По второму варианту Седова намечалось доставить в СССР по воздуху. Для этого сотрудниками группы Серебрянского был куплен самолет, а надежный агент-летчик якобы стал готовиться к спортивному перелету по маршруту Париж — Токио. В результате тренировок ему удалось довести время беспосадочного нахождения в воздухе до 12 часов, что позволяло при любых погодных условиях долететь до Киева. Всего в подготовке операции участвовало семь агентов Серебрянского, в числе Мирей Аббиа и жена Серебрянского Полина Натановна.

Но в связи с неблагоприятной обстановкой, создавшейся после похищения генерала Миллера, в котором французские власти прямо обвиняли советские спецслужбы, в Москве решили отменить операцию.
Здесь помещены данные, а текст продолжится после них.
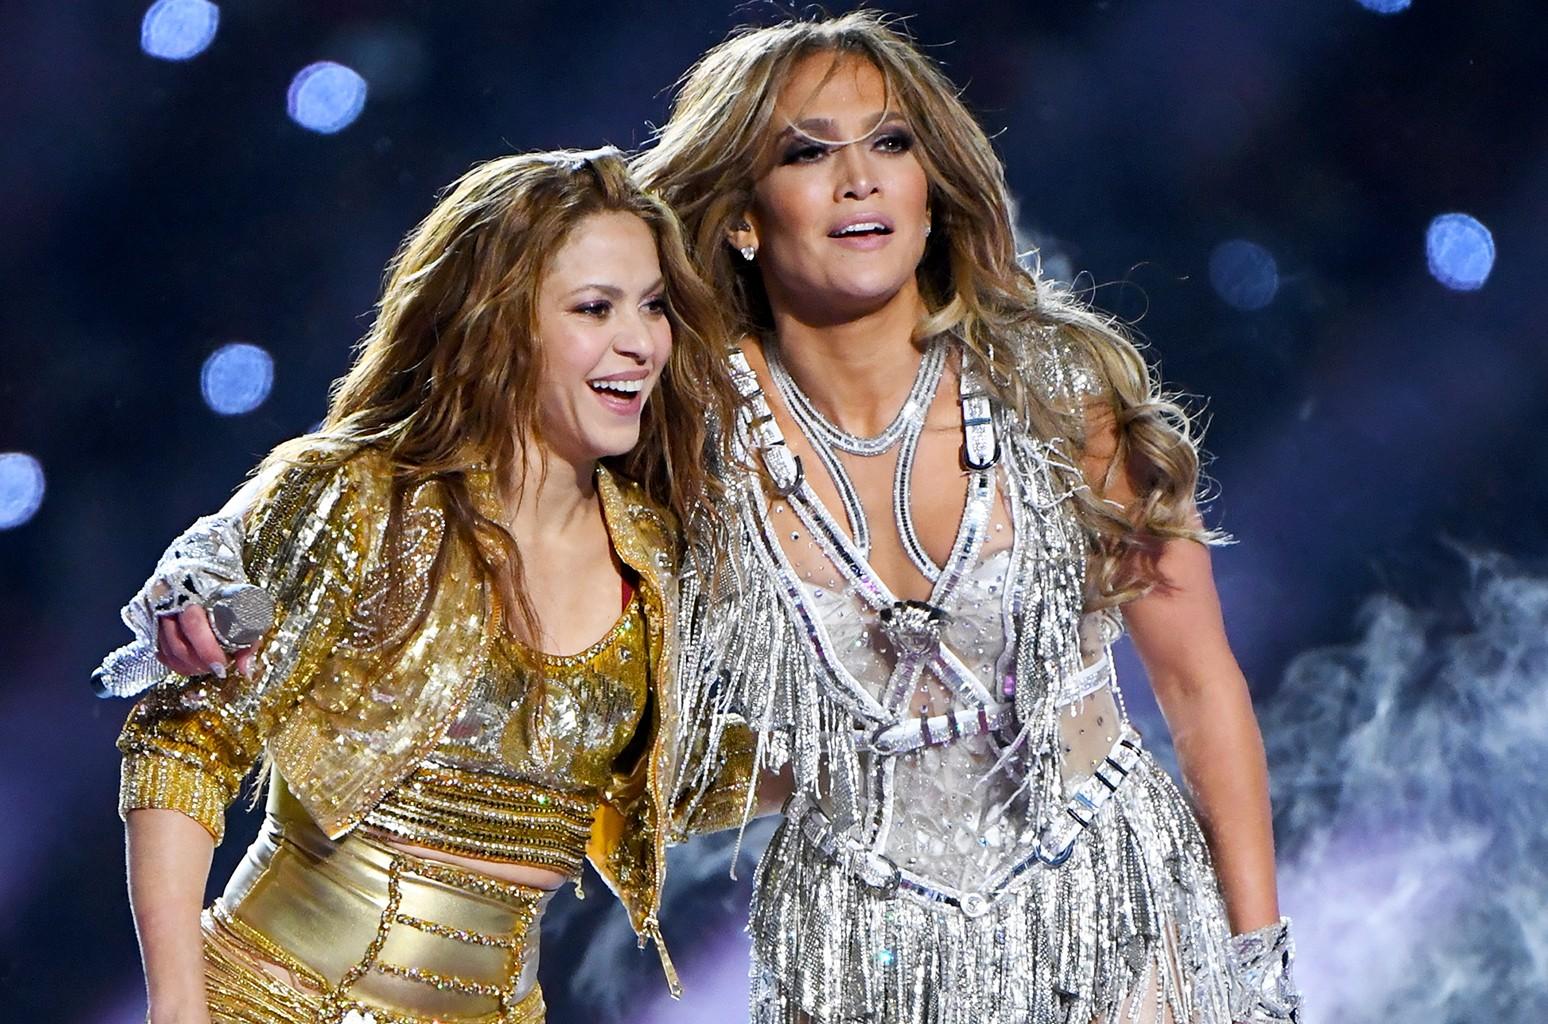 Jennifer Lopez Shakira Super Bowl Halftime Show Drew More Than 1 000 Fcc Complaints Billboard

Впрочем, это не спасло Седова. Через четыре месяца, вечером 8 февраля 1938 года, у него резко обострились боли в аппендиците.

Операцию, с которой он так долго тянул, откладывать больше было нельзя. Поддавшись уговорам Зборовского, он лег в небольшую частную парижскую клинику русских врачей-эмигрантов под именем месье Мартена, французского инженера. При этом о его местонахождении не был поставлен в известность никто, кроме его жены Жанны. Седов был прооперирован в тот же вечер и в последующие дни быстро шел на поправку. Но через четыре дня у него внезапно наступило ухудшение. В ночь на 13 февраля его видели идущим полуголым в лихорадочном состоянии по коридорам и палатам. Утром следующего дня его состояние было столь ужасно, что вызвало удивление у оперировавшего его врача. Его прооперировали еще раз, но улучшения не последовало, и 16 февраля 1938 года в возрасте 32 лет Седов скончался. По поводу смерти Седова в заявлении Международного секретариата IV Интернационала сообщалось:

«Лев Седов, наш товарищ Седов, сын Льва Троцкого, умер в среду 16 февраля в 11 часов 30 минут утра. Перевезенный за несколько дней до этого в больницу, где его подвергли операции („заворот кишок“), наш несчастный товарищ скончался от инфекции. Такова версия врачей».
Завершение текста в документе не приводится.